The only expectation we are leaving regarding the state values is the expect_column_values_to_be_in_set
expecation:
expectation_configuration = ExpectationConfiguration(**{
"meta": {
"profiler_details": {
"metric_configuration": {
"domain_kwargs": {
"column": "state"
},
"metric_name": "column.distinct_values",
"metric_value_kwargs": None
},
"num_batches": 1,
"parse_strings_as_datetimes": False
}
},
"expectation_type": "expect_column_values_to_be_in_set",
"kwargs": {
"column": "state",
"mostly": 1.0,
"value_set": [
"MA"
]
}
})
suite.add_expectation(expectation_configuration=expectation_configuration)
For the price
column, the Data Assistant used a simple regular expression to validate the data values: \\d+
.
However, we know that the values always start with a dollar sign followed by the actual amount as float datatype with
the optional comma sign.
"expectation_type": "expect_column_values_to_match_regex",
"kwargs": {
"column": "price",
"mostly": 1.0,
"regex": "^\\$([0-9],)*[0-9]+\\.[0-9]{2}$"
},
Running validation tests
After completing our first expectation suite, we can create a so-called checkpoint. This Checkpoint can then be reused for data validation in the future. Additional checkpoints can be created and configured to cover different use cases. Create the first checkpoint with the following command:
great_expectations checkpoint new initial_checkpoint
After command opens the according Jupyter notebook, where we can create and set up the checkpoint using the provided cells. To run the checkpoint and open the associated Data Docs, we simply uncomment the last two cells in the notebook. Running the checkpoint will validate the data against the specified expectations and generate detailed validation results that can be viewed in the Data Docs.
context.run_checkpoint(checkpoint_name=my_checkpoint_name)
context.open_data_docs()
Once a Checkpoint completes its validation, the results are automatically compiled into Data Docs. These results can be accessed through the Validation Results tab in the Data Docs. Clicking on an individual Validation Result in the Data Docs will display a detailed list of all the Expectations that were executed during the validation process, along with the results indicating which Expectations passed and which ones failed.
Conclusion
In summary, Great Expectations is a Python package that allows for flexible and customizable data testing and validation. It can handle a wide range of data quality issues, including data type, range, and consistency checks. Great Expectations allows for the creation of an expectation suite that can be edited and updated as needed, and it can generate data documentation for improved data transparency and understanding.

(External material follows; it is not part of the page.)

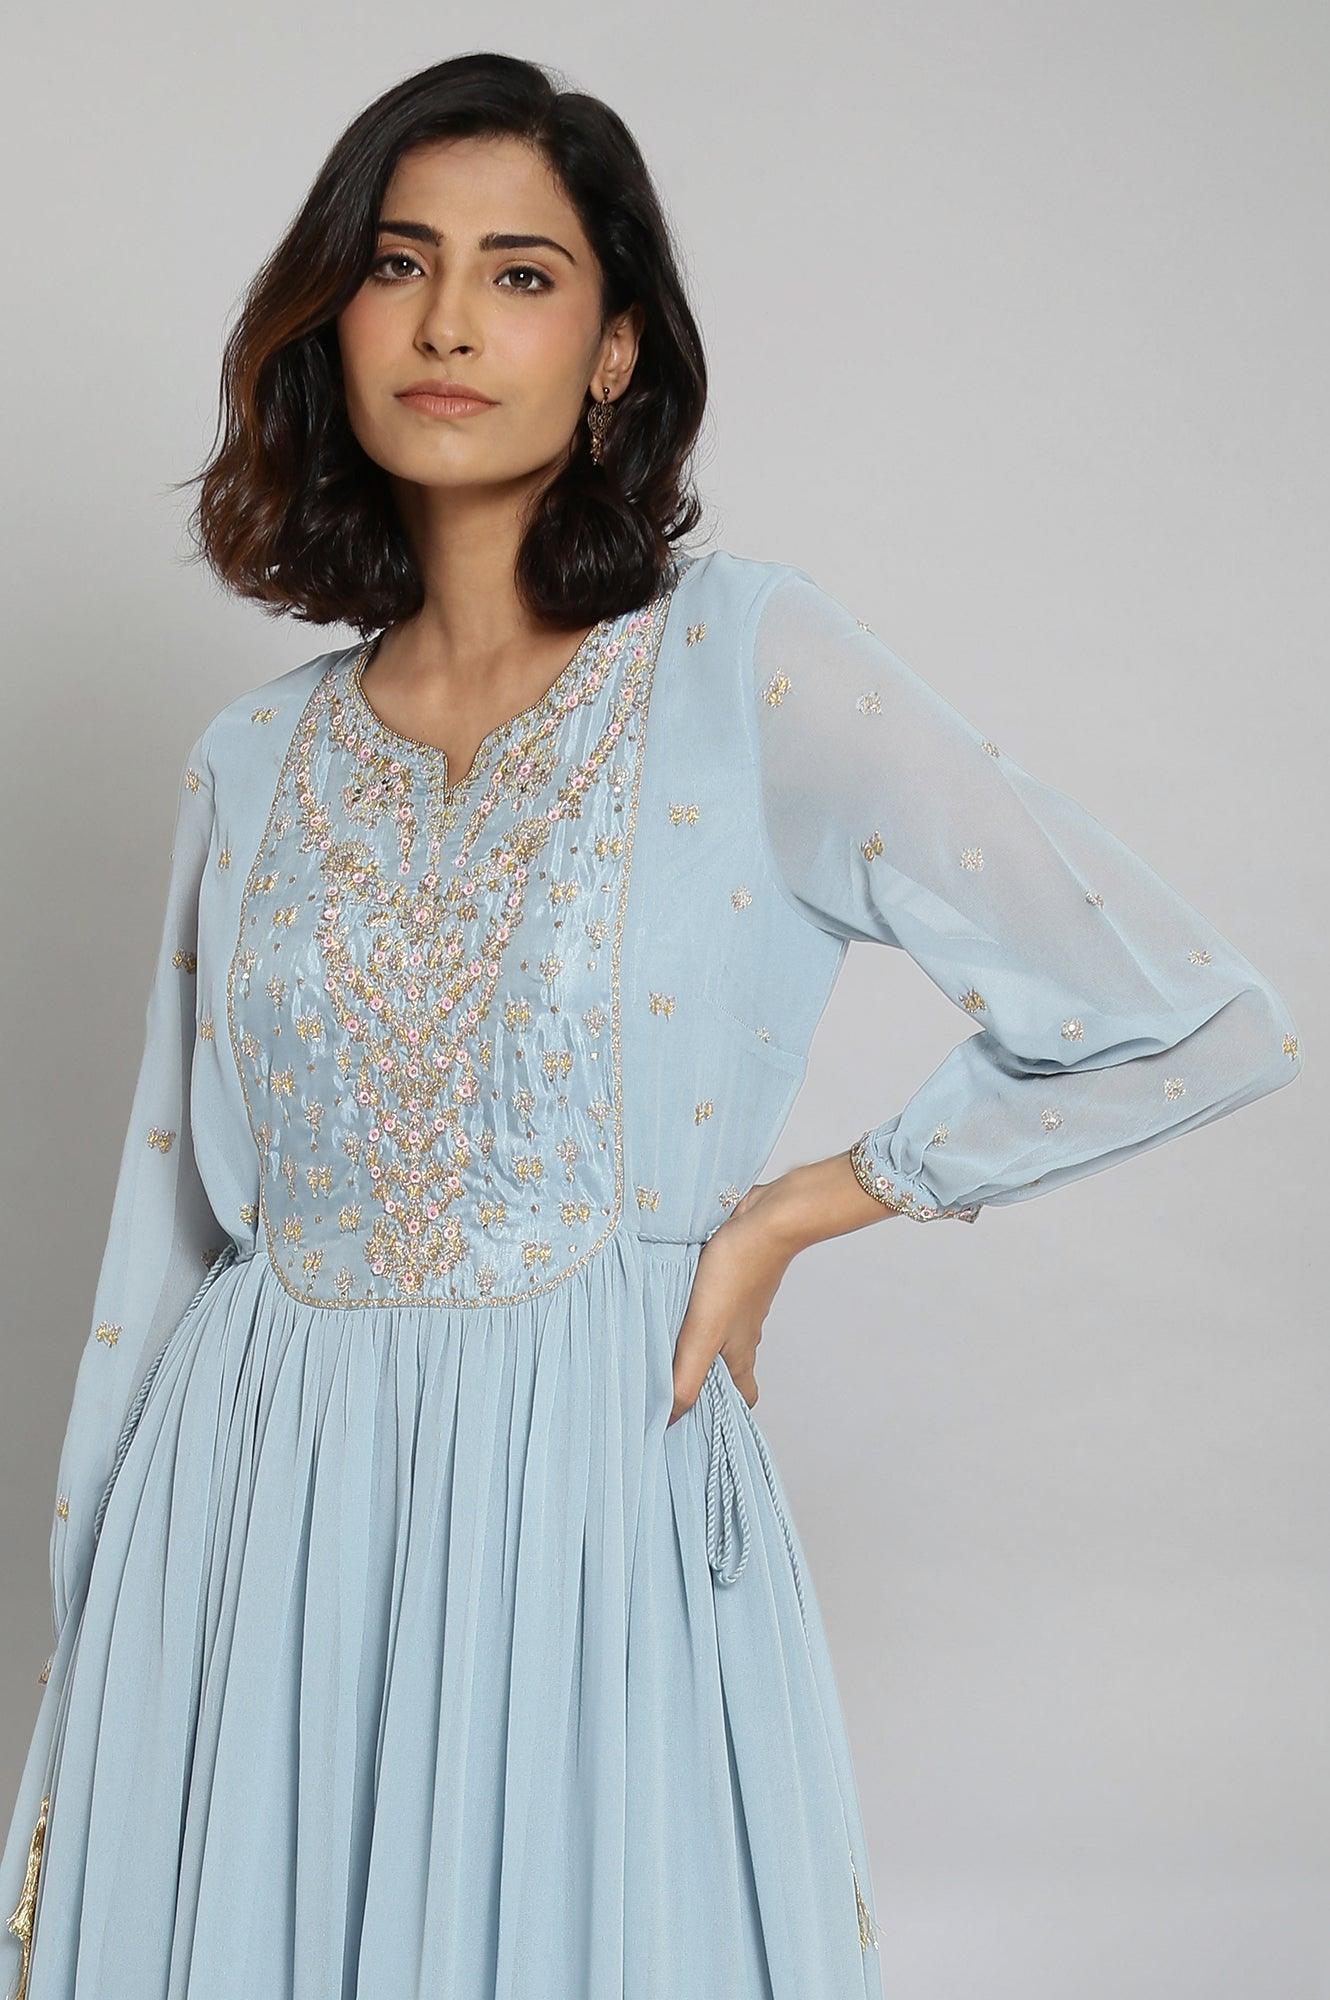 Light Blue Embroidered Gathered Victorian Dress - wforwoman

The benefits of using Great Expectations for data testing and validation include improved confidence in data quality, reduced risk of errors and inaccuracies in downstream analysis, and streamlined data pipeline processes. The package is flexible and can be integrated into a variety of data stacks, and it offers both open source and cloud-based options for use. Overall, Great Expectations is a powerful tool for ensuring the reliability and accuracy of data used in analytics and decision-making.
Keep on coding and keep on creating!